Hi everyone! I realized that I do a ton of meal prep to stay healthy and get in my protein with how active I am! Here is my favorite easy recipe that I can make for both Thomas and I when I do our meal prep on Sundays. The whole thing takes about 1.5 hours for four meals!
Start off with draining your two packets of tofu and squeezing out all of the water with a towel as usual. While the tofu is getting ready, place all four chicken breasts into a large freezer bag and fill it up with water and some salt. Let that sit for about 15-20 minutes to brine the chicken…trust me, it’ll taste even more amazing if you include this step!
Begin to season the tofu with the salt, pepper, garlic salt, and red chili pepper. Make sure to do this on both sides of the tofu. Once all of the tofu is coated, sprinkle just a bit of cornstarch on the entire plate of tofu, front and back. THIS IS THE KEY to crispy yummy tofu!
Put 1 tbsp of butter into a hot pan and place 1/4 of the tofu in face down and let that cook until browned on one side. After this, flip the tofu over and let it cook on the other side. Once the tofu is fully cooked, take it out and place it into a bowl and continue doing this until all of the tofu is cooked.

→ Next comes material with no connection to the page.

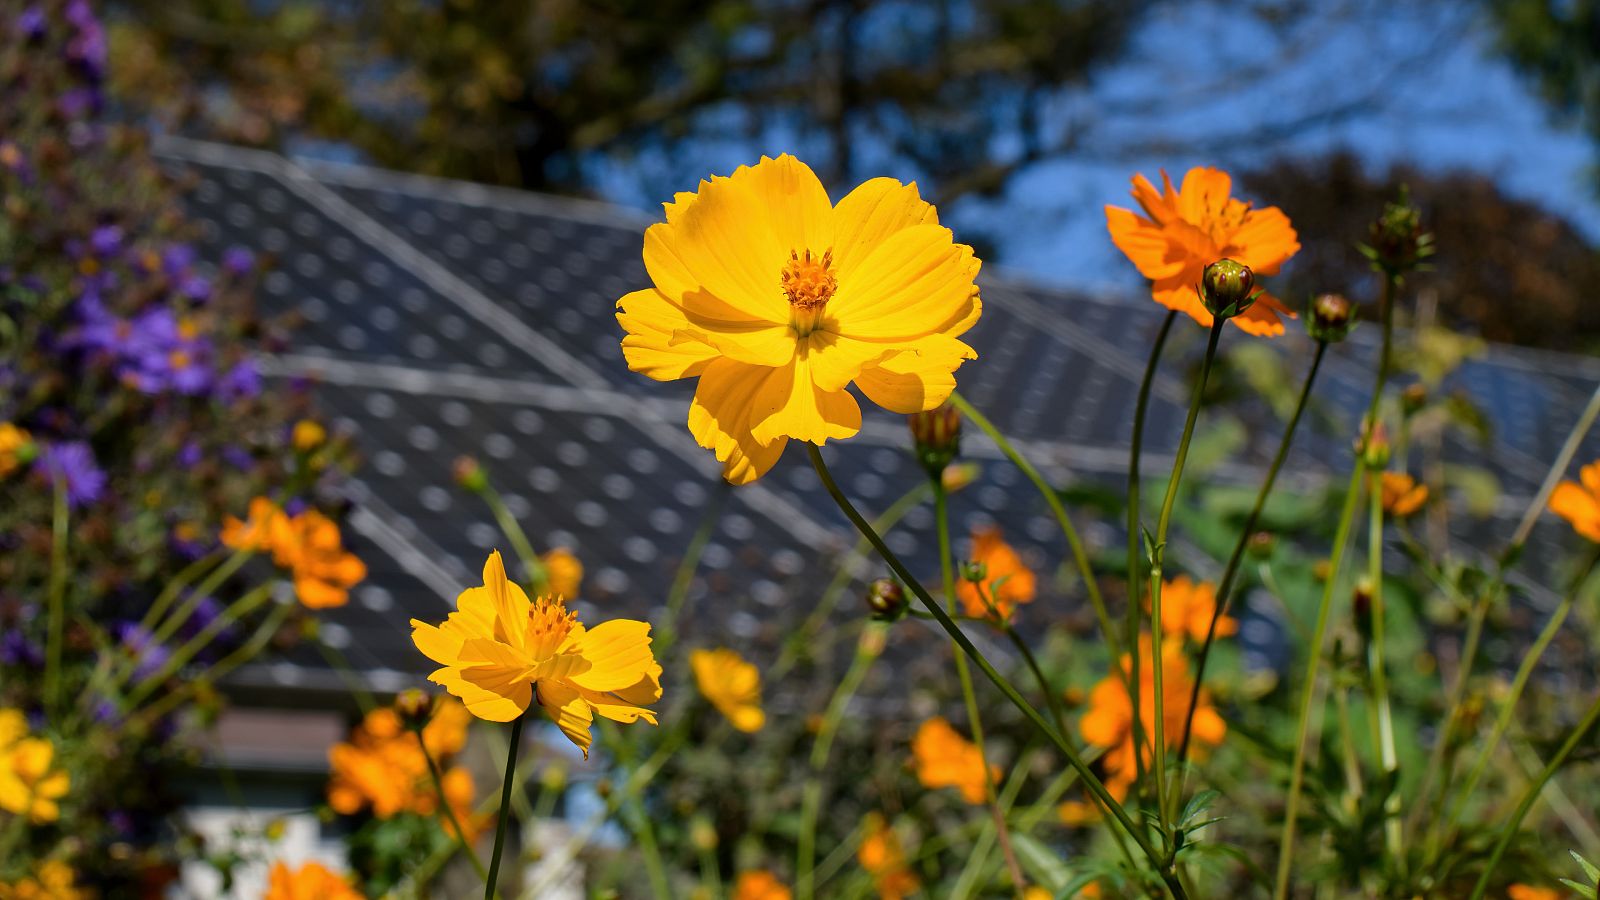 Apiario solar: un nuevo modelo agro voltaico en el que conviven panales de abejas y paneles

While the tofu is cooking, pat dry the chicken and begin to season it with the same ingredients used for the tofu except for the cornstarch. Sprinkle salt, pepper, garlic salt, and red chili all over the chicken breasts.
Put 1 tbsp of butter into another hot pan and place 2 of the 4 chicken breasts into the pan and let them cook skin-side-down for 7 minutes. Flip them over and allow them to cook on the other side for another 3-4 minutes or until totally cooked. Take these off the pan and into a plate to cool, and continue with the other two breasts.
Once all of the chicken and tofu is done, begin to plate them into containers. I made some brown rice to eat with the tofu and chicken so I put the rice at the bottom of the containers and begin to top with the meat. For the tofu dishes, I was able to make 4 days worth of meals from what I made, so separate accordingly. For the chicken dishes, place one chicken breast in each container on top of rice…and voila! Quick, easy, and healthy meals for 4 days…yay! 🙂
Also, the tofu meal has 22 G of protein, and the chicken has about 32 G of protein.
2 Packets of extra firm tofu
2 tbsp of butter
Red Chili Pepper
4 Chicken Breasts
2 Tbsp of butter
Red Chili Pepper
- Drain Tofu so that all moisture is gone
- Brine the chicken, place all the breasts into a freezer safe bag and fill it with water and a tsp of salt; let that soak at for about 15-20 minutes.
- Cut the tofu into thin square pieces and begin to season it with salt, pepper, garlic salt, and red chili pepper on BOTH SIDES
- After seasoned, sprinkle a bit of cornstarch on both sides of the tofu to make it extra crispy when cooking it.
- Put 1 tbsp of butter onto a hot pan and place 1/4 of the tofu into the pan, spread out evenly so all the tofu is faced down. Cook until browned on one side and flip over to cook the other side. Once cooked, put into a bowl and continue cooking all of the rest of the tofu the same way.
- While the tofu is cooking, pat dry the chicken and begin to season it with salt, pepper, garlic salt, and red chili powder.
- Put 1 tbsp of butter onto another hot pan and place two chicken breasts in there skin-side-down and let cook on that side for 7 minutes. Turn over the chicken to let them cook on the other side for another 3-4 minutes or until completely cooked through. Take these two out, and continue the same process with the other two chicken breasts.
- Once all of the tofu and chicken has been cooked, begin plating the containers by first putting in some brown rice (follow directions) to keep it a healthy meal.
- Place tofu on top of brown rice in 4 containers.
- Place one chicken breast in each container.